Article: Multidimensional Database Technology Flashcards
Multidimensional data model
Categorize data as facts with associated numerical measures or textual dimensions that characterize facts. Three important implications: - Data warehouses - Online analytical processing (OLAP) - Data mining applications
Queries
Aggregate measure values over a range of dimensions values to provide results such as total sales per month of a given product.
Pivot table
A two-dimensional spreadsheet with associated subtotals and totals that support viewing more complex data by using several dimensions on the x- or y-axis and displaying data on multiple pages.
Cubes
Support hierarchies in dimensions and formulas without duplicating their definitions. Combinations of dimensions define a cube’s cells. Depending on the specific application, the cells in a cube range from sparse to dense. Cubes tend to become sparser as dimensionality increases and as the dimension values granularities become finer.
Dimensions
Are used for selecting and aggregating data at the desired level of detail. The goal of dimensions is to provide as much context for facts as possible. In contrast to relational databases, controlled redundancy is appropriate in multidimensional databases if it increases the data’s information value. Mostly, there is only redundancy in dimensions and not in facts.
Facts
Implicitly defined by their combination of dimension values. Three types of facts:
- Events
- Snapshots
- Cumulative snapshots
Events
One fact represents the same instance on an underlying phenomenon.
Snapshots
Model an entity’s state at a given point of time.
Cumulative snapshots
Handles information about an activity up to a certain moment.
Measure
Consists of two components:
- A fact’s numerical property.
- A formula
Three classes of measures
- Additive
- Semi additive
- Non additive
Additive measure
Can be meaningfully combined along any dimension. Can occur from any kind of fact.
Semi additive measure
Cannot be combined along one or more dimensions. Generally occurs for snapshots and cumulative snapshots.
Non additive measure
Cannot be combined along any dimensions. Can occur from any kind of fact.
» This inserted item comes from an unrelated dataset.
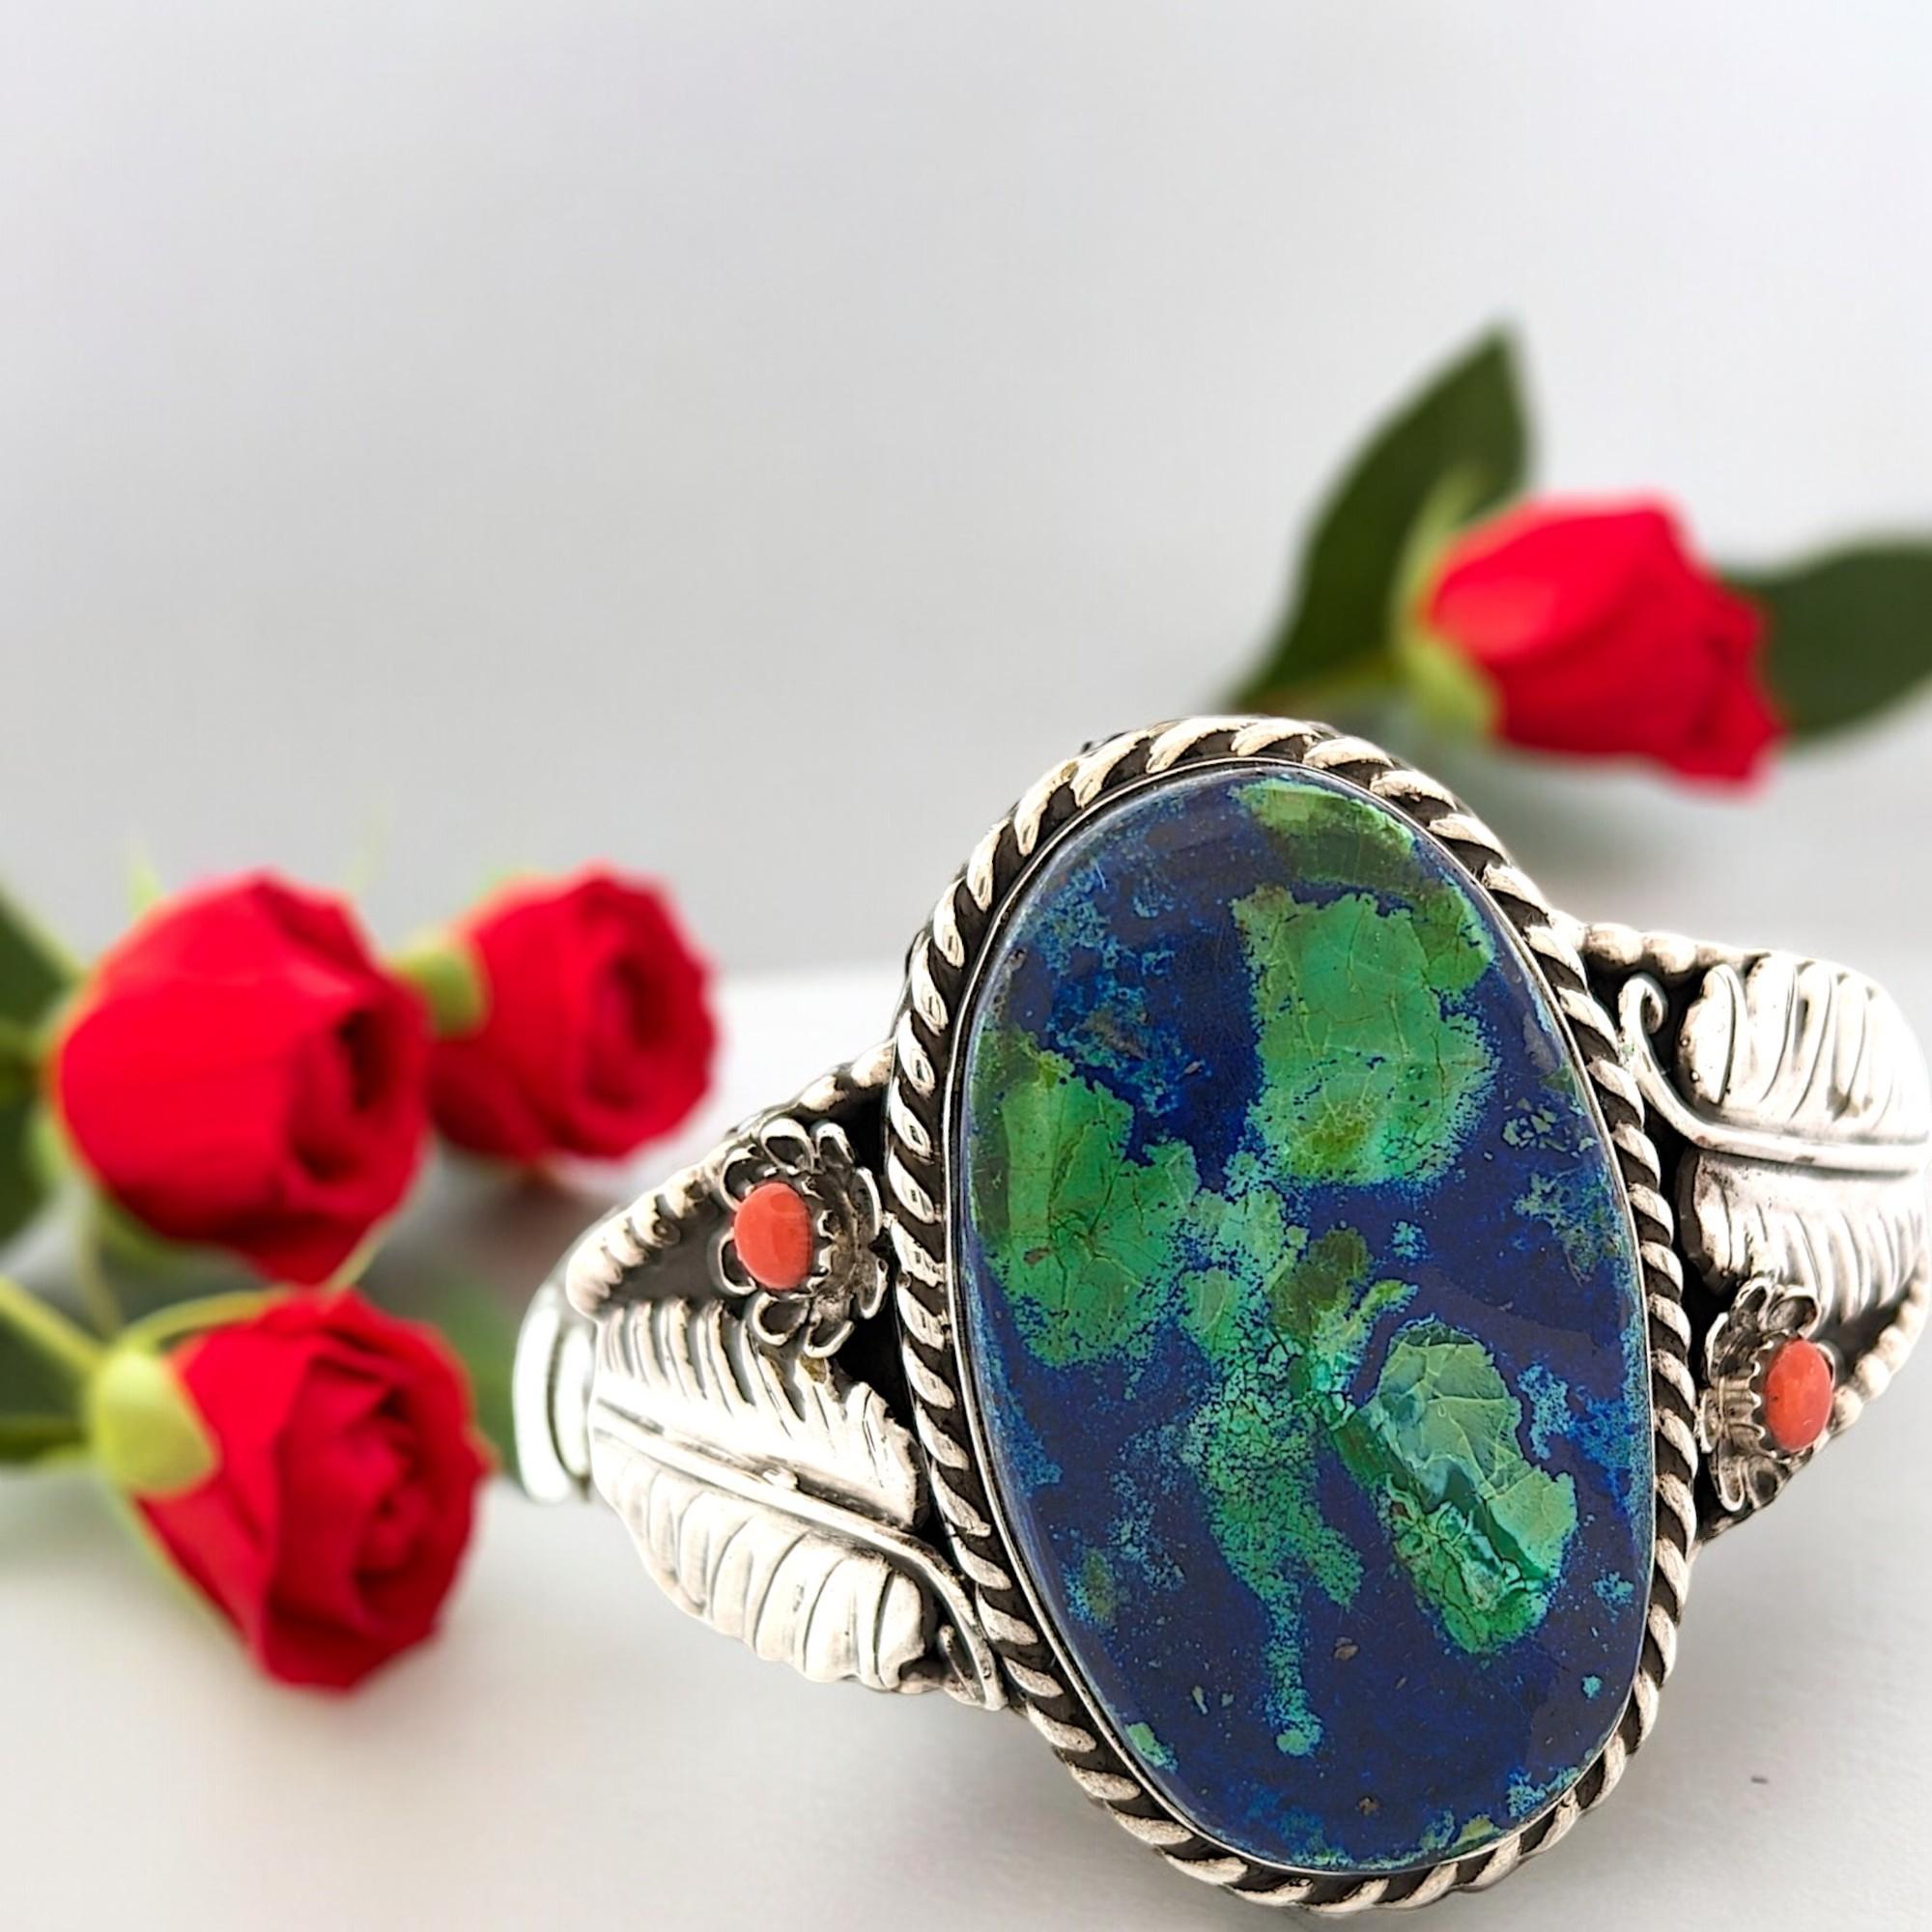 This captivating cuff bracelet is a stunning convergence of natural elements, crafted from gleaming sterling silver. The centerpiece takes center stage, a mesmerizing combination of azurite and malachite gemstones. Azurite, with its deep blue hues
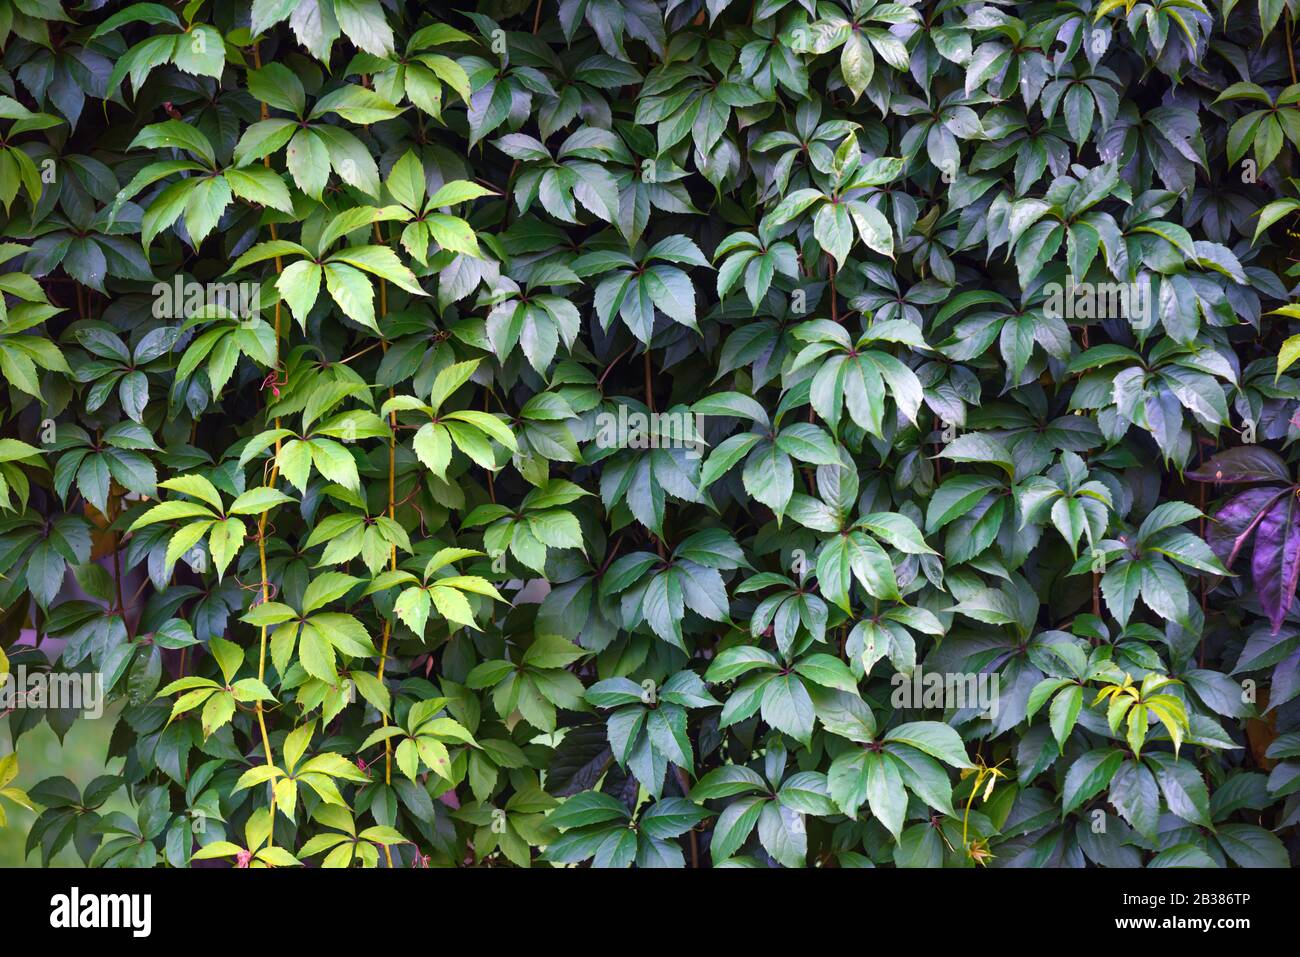 Texture of ivy leaves closeup. Green wall in garden. Gardening background Stock Photo

Ways of implementing multidimensional modelling
- MOLAP: includes provisions for handling sparse arrays and apply advanced indexing and hashing to locate the data when performing queries. MOLAP is more flexible in redefinitions of the cube and handling updates.
- ROLAP: uses relational database technology for storing data, and they also employ specialized index structures to achieve good query performance. ROLAP is better in scaling in the number of facts that it needs to store.